# The purpose of suites



## Savageee (Jun 6, 2020)

Hello.

Again and again I read that many film composers write a suite before the film was even shot.

To the basics: What exactly is a suite? Does it have a structure that reflects the drama of the film?
Or is it about tonality and "story world"?

It seems to make sense to have a structure that the individual themes are oriented towards.
For example the sonata form would work perfectly, because it is built like a 3 act story. Thesis - Antithesis - and Synthesis is exactly what makes a story, respectively Exposition - Development - Reprise.

Looking at the suites of Inception and Interstellar, this structure is less obvious to me. Interstellar - Day One, for example, is getting louder and louder and "bigger" but has no direct connection to the story of the film. If you listen to this suite without knowing the movie you would say it gets more and more epic and bigger, although the movie actually wants to tell an "intimate" father-daughter story.

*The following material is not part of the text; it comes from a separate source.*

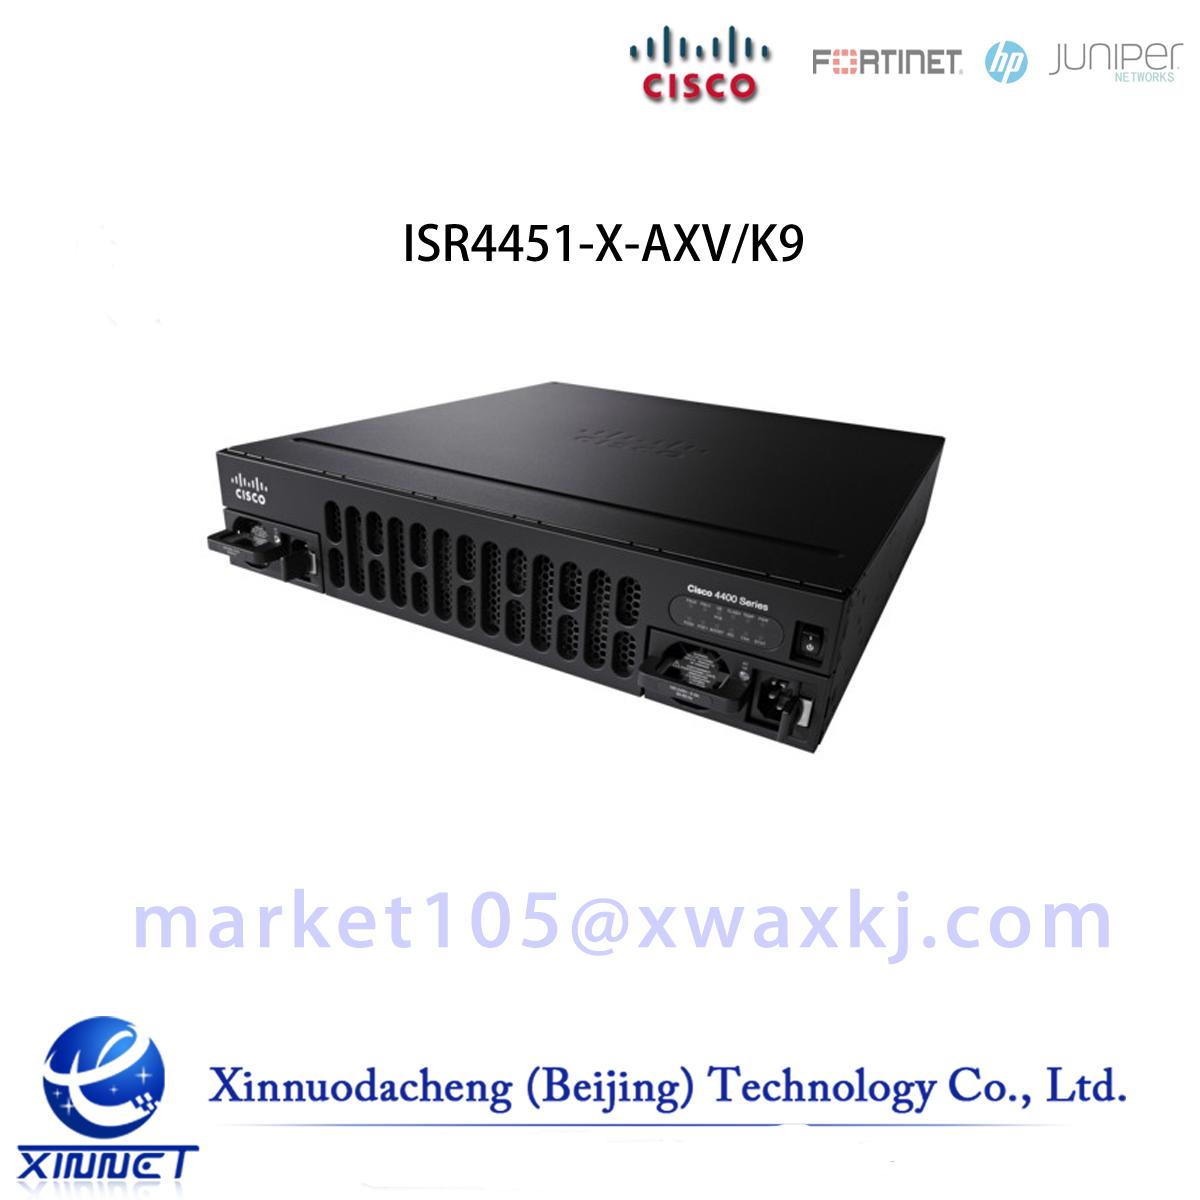 ISR4451-X-AXV/K9 Cisco ISR 4451 AXV Bundle, PVDM4-64 w/APP,SEC,UC lic,CUBE- 25

The themes have to have a recognizable arc through the movie and develop along the film, otherwise you would have a random selection of sequences without any deeper meaning.

How is this arc implemented musically?

Greeting

Savageee


----------



## larold (Jul 20, 2017)

In Bach's time a suite, similar to the orchestral suites, was a musical collection of French dances. This is even true in the English suites with dances labeled courante, allemande, bouree, etc.

In modern times a suite has come to mean a collection of similar music usually meant to depict or accompany something -- action in a film or in classical music the activities of a scene in a play. Anyone's incidental music to anything falls into this category.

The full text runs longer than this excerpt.